Снижение стоимости производства чипов и экспоненциальный рост вычислительной мощности не только сделали мини-компьютеры (смартфоны) доступными каждому, но и породили необыкновенную идею, которая может изменить наш образ жизни и способ взаимодействия с миром. мир — идея установки чипа во все возможные продукты вокруг нас!

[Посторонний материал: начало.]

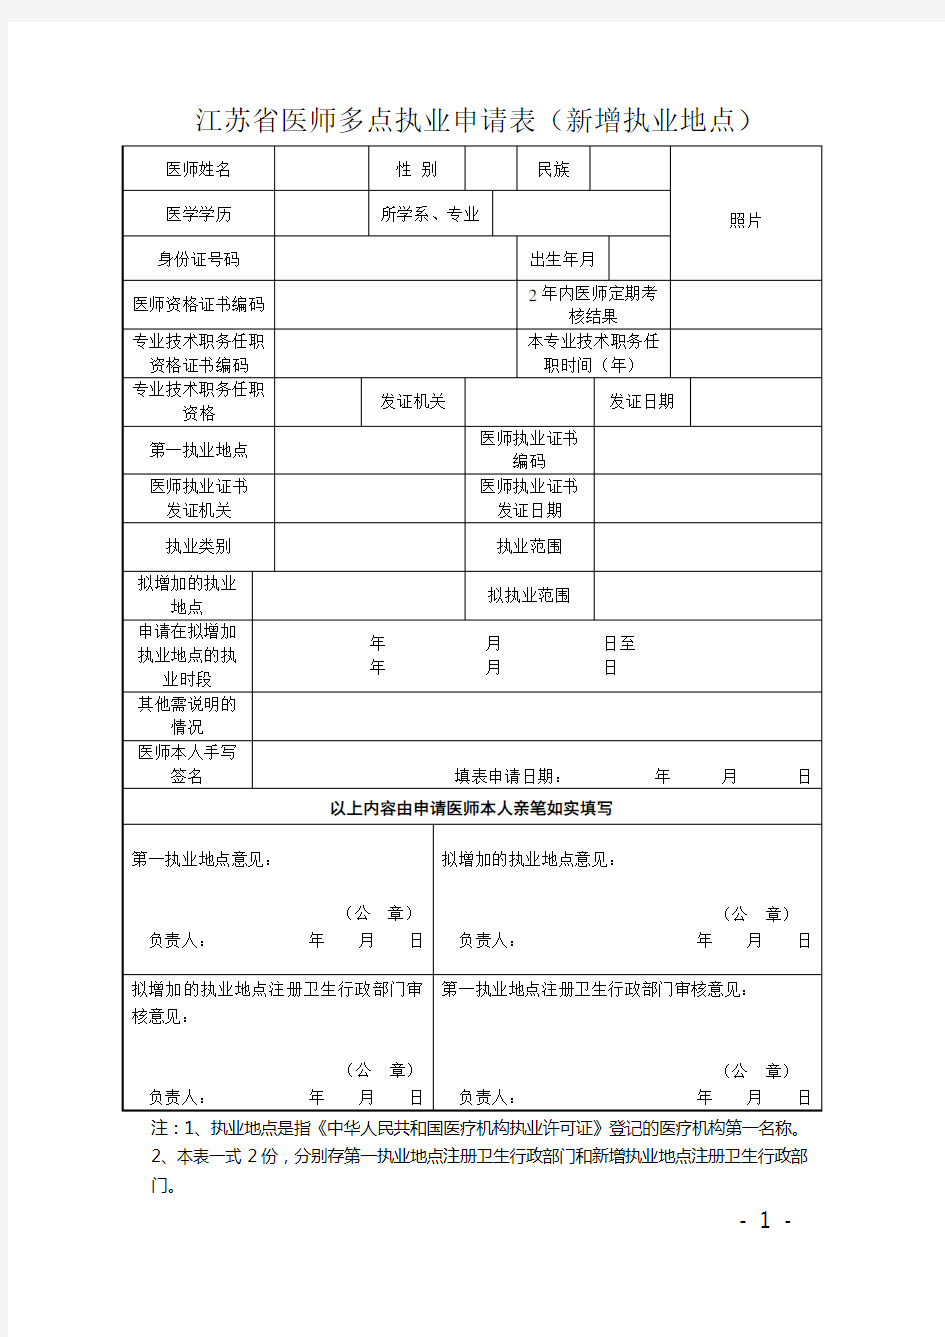 江苏省医师多点执业申请表(新增执业地点)

Каждый продукт, который мы используем и с которым взаимодействуем для нашей повседневной деятельности, постепенно превращается в «умное» устройство посредством установки в него программного чипа/датчика, способного воспринимать и генерировать внутренние данные о производительности устройства или данные о внешней среде. Помимо генерации данных, это интеллектуальное устройство также имеет возможность передавать данные через интернет-сеть на другое устройство или сохранять данные в облачном хранилище для последующего использования. Учитывая миллионы устройств, которые будут объединены в ближайшие годы, и миллионы точек данных, которые они будут генерировать каждый день, люди не смогут анализировать такие большие объемы данных традиционными способами и принимать быстрые решения. сами. Единственным вариантом в таком футуристическом мире будут системы машинного обучения, которые помогут людям принимать более точные и быстрые решения для достижения лучших результатов для мира.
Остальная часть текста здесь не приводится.